Monstera Dubia Toxicity
The monstera dubia has a substance called insoluble calcium oxalate that is toxic to animals and children so you have to place it in a spot where the kids and pets cannot get to it. The crystals in the sap are sharp and usually keep kids and pets from eating too much because of the pain.
However, it can cause some serious symptoms if ingested such as:
- Loss of appetite
- Pain in the mouth, tongue, and lips
- Swelling of the throat and airway, which can be dangerous
What to Do for Toxicity
If you think your child or pet has eaten any of your monstera dubia, rinse out their mouth with milk to remove any pieces of the plant and to help with the pain. The calcium in the milk bonds to the calcium in the oxalates to ease the pain.
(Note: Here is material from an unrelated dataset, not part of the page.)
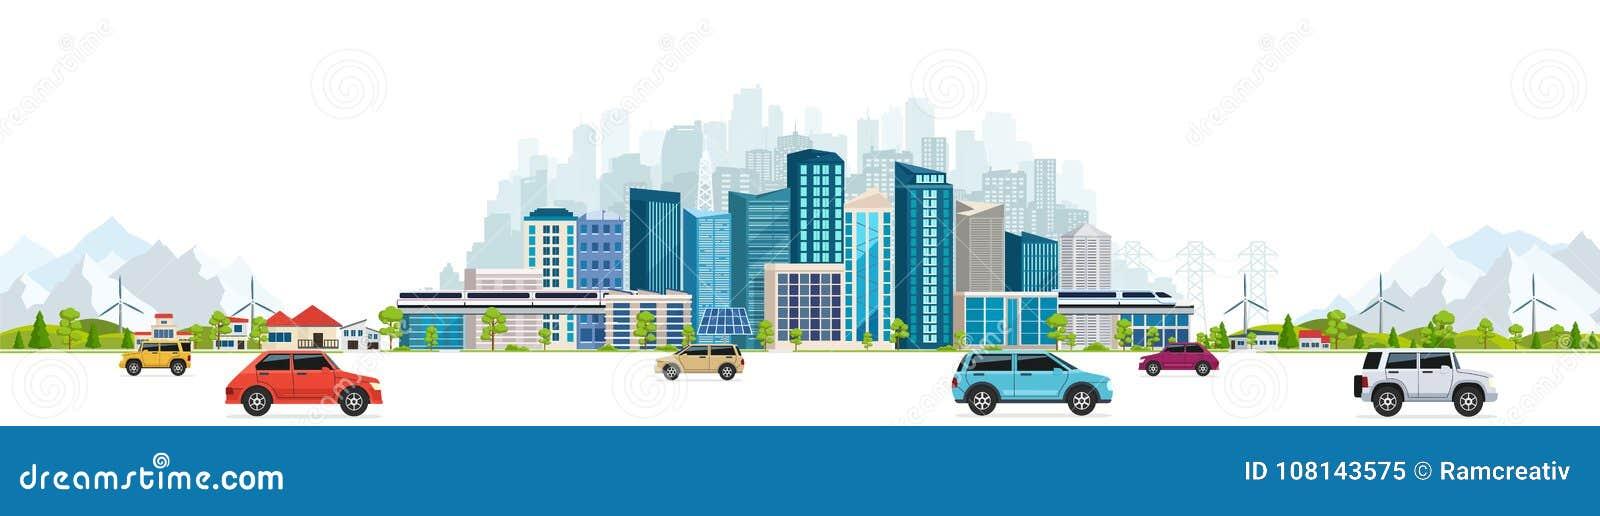 Городской ландшафт с большими современными зданиями

It is important to take them to a professional if they show any signs of breathing trouble. The sap and crystals in the oxalates can cause inflammation of the throat and airway, making it difficult to breathe.
Your child or pet may need medication to reduce the swelling and help to keep their airway open. Also, vomiting and diarrhea can cause dehydration, which can be dangerous in a small child or pet.
In this guide, we covered a lot of good details about how to take care of your plant.
Just to recap and help you remember, here is a list of the highlights.
- Your monstera dubia monstera has large evergreen leaves that can grow straight up the side of a tree, moss pole, or whatever else you let it climb.
- The plant comes from South and Central America so it is a tropical plant.
- The dubia may also be referred to as the climbing holey plant, shingle plant, shingling plant, swiss cheese plant, or windowleaf.
- Your plant needs a lot of bright but indirect sunlight. Too much direct sun can burn the leaves.
- The plant needs to be watered when the top two inches is dry.
- Make sure the soil drains well or your dubia will get root rot. Use one part orchid bark, one part perlite, and one part peat moss.
- Keeping your plant moist and humid is essential to its growth.
- Use a humidifier, pebble tray, or mist the leaves daily to help keep it humid.
- You can use a time-released fertilizer stick or high-quality diluted liquid fertilizer for your monstera dubia.
- Keep your plant warm at all times and never let it get below 40 degrees.
- Do not grow your monstera dubia outdoors unless you live in a controlled tropical environment.
- You can propagate your plant using stem cuttings or root separation.
- The pests that can bother your monstera dubia include fungus gnats, mealybugs, spider mites, and scale bugs.
- There are 45 monstera species but only the dubia and 10 others are commonly grown as houseplants.
- Keep children and pets away from any monstera plant you have because it is toxic and can be life-threatening in some cases.
Once you get the gist of it, you can grow many of these stunning tropical plants from propagation to fill your whole house. You can also give them away as gifts to family and friends. Just make sure they know how to properly care for them.